Computer Chess Club Archives




Subject: Re: C and C++ --- NPS

Author: Matt Taylor

Date: 11:13:47 12/25/02

Go up one level in this thread

On December 25, 2002 at 04:17:34, Dave Gomboc wrote:

>On December 23, 2002 at 21:33:50, Matt Taylor wrote:
>>On December 23, 2002 at 21:29:08, Arshad F. Syed wrote:
>>>Is there anyone here who has actually converted their C code to C++ while
>>>keeping the NPS the same or even managed to improve upon it? Sune did mention
>>>that he did so only at the cost of 15% degradation in speed. Why do people even
>>>bother wasting their time with C++ for a chess program when it inevitably leads
>>>to taking a hit in NPS? Regardless, of all the advice to simply inline the
>>>functions, I have yet to see a living example of chess program code which
>>>performed faster in C++.
>>The biggest hit you take in C++ is virtual functions, and inevitably people use
>>them.

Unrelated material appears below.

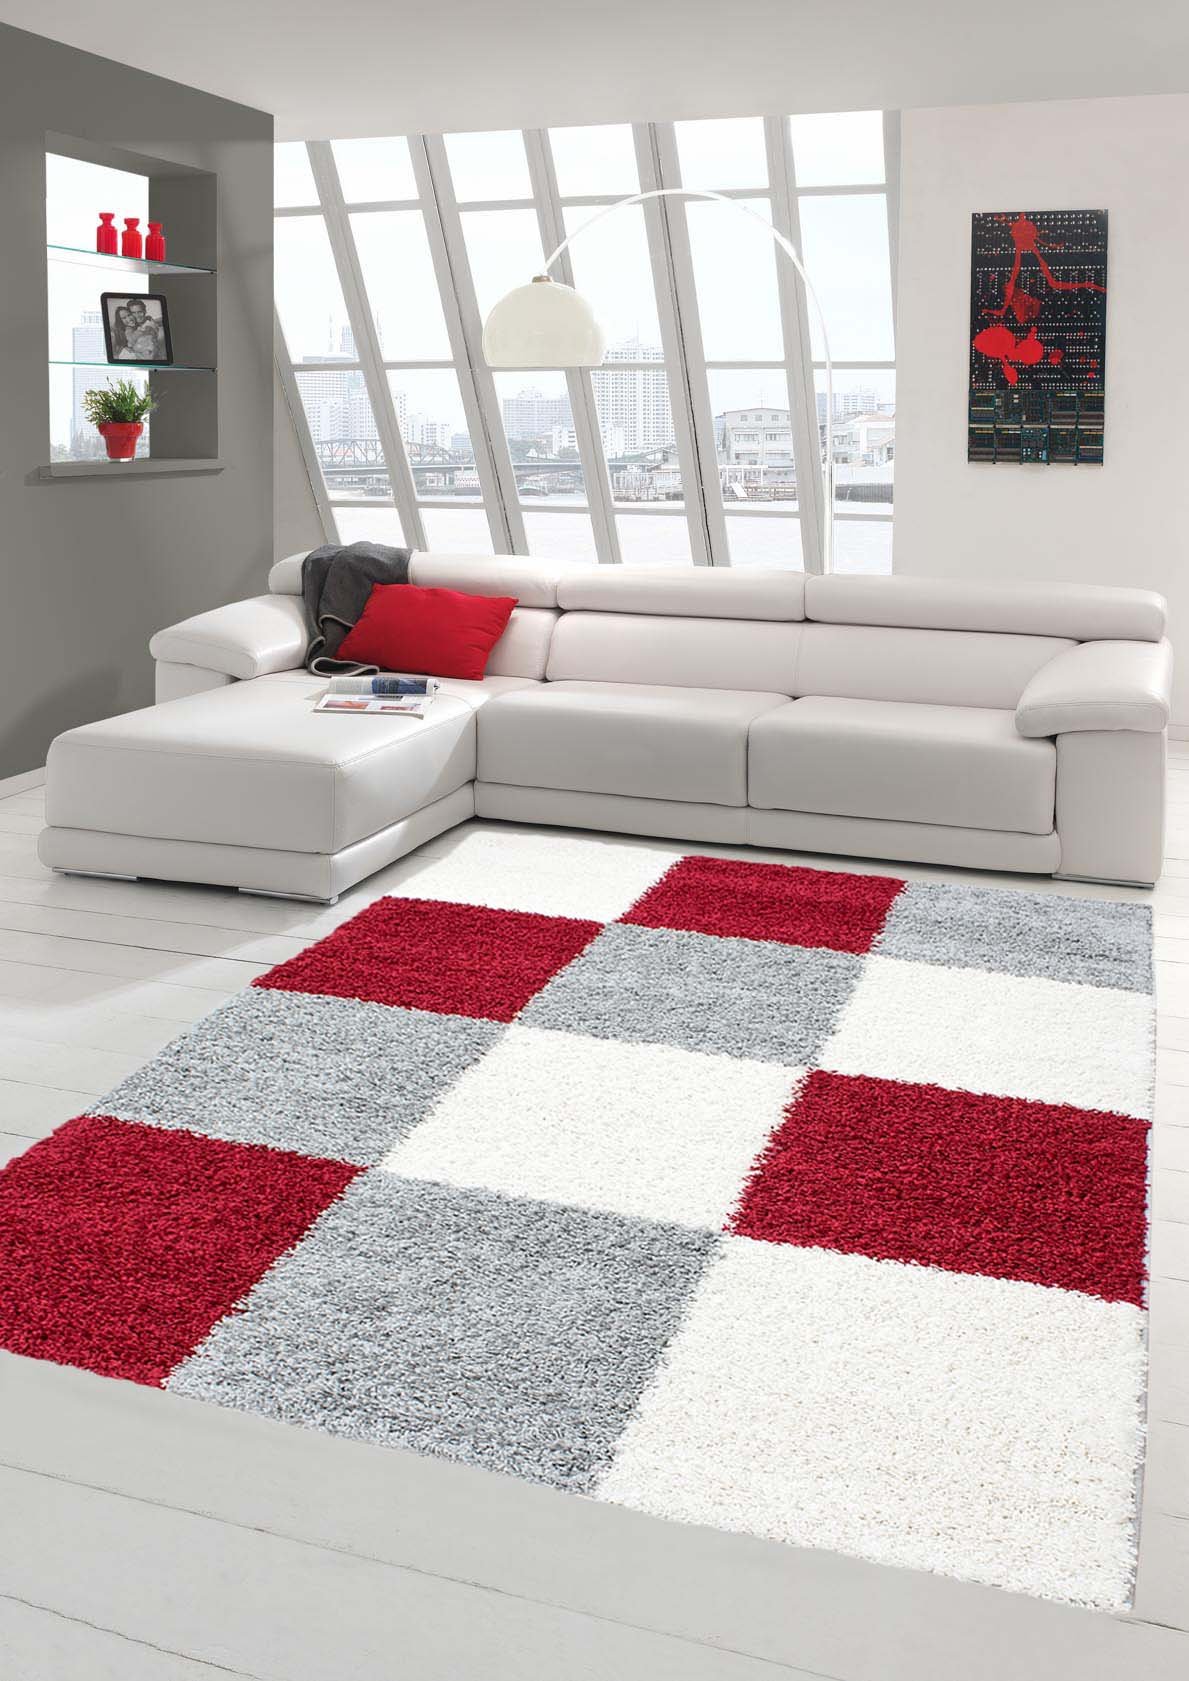 Shaggy Teppich Hochflor Langflor Teppich Wohnzimmer Teppich Gemustert in Karo Design Rot Grau Creme Größe 120x170 cm

The virtual functions are very damaging due to the fact that they're
>>implemented with a function pointer, and at the machine level it translates into
>>an indirect call. The indirect calls branch mispredict because the CPU can't
>>figure out ahead-of-time where you're calling to, and branch mispredicts are
>Please excuse my ignorance, but where is the branch?  It's an indirect jump,
>isn't it?  There's nothing optional about it, it must be followed.  Is it that I
>am not familiar enough with the terminology?  e.g. I am thinking that by "branch
>prediction" you may be including any operation that moves the program counter in
>any way other than advancing sequentially to the next instruction.
>In any case, I'm confident that if you have a serious inheritance hierarchy (as
>opposed to a toy example) you're not going to lose any sleep over the virtual
>function call.  Many if-then-elses aren't efficient either.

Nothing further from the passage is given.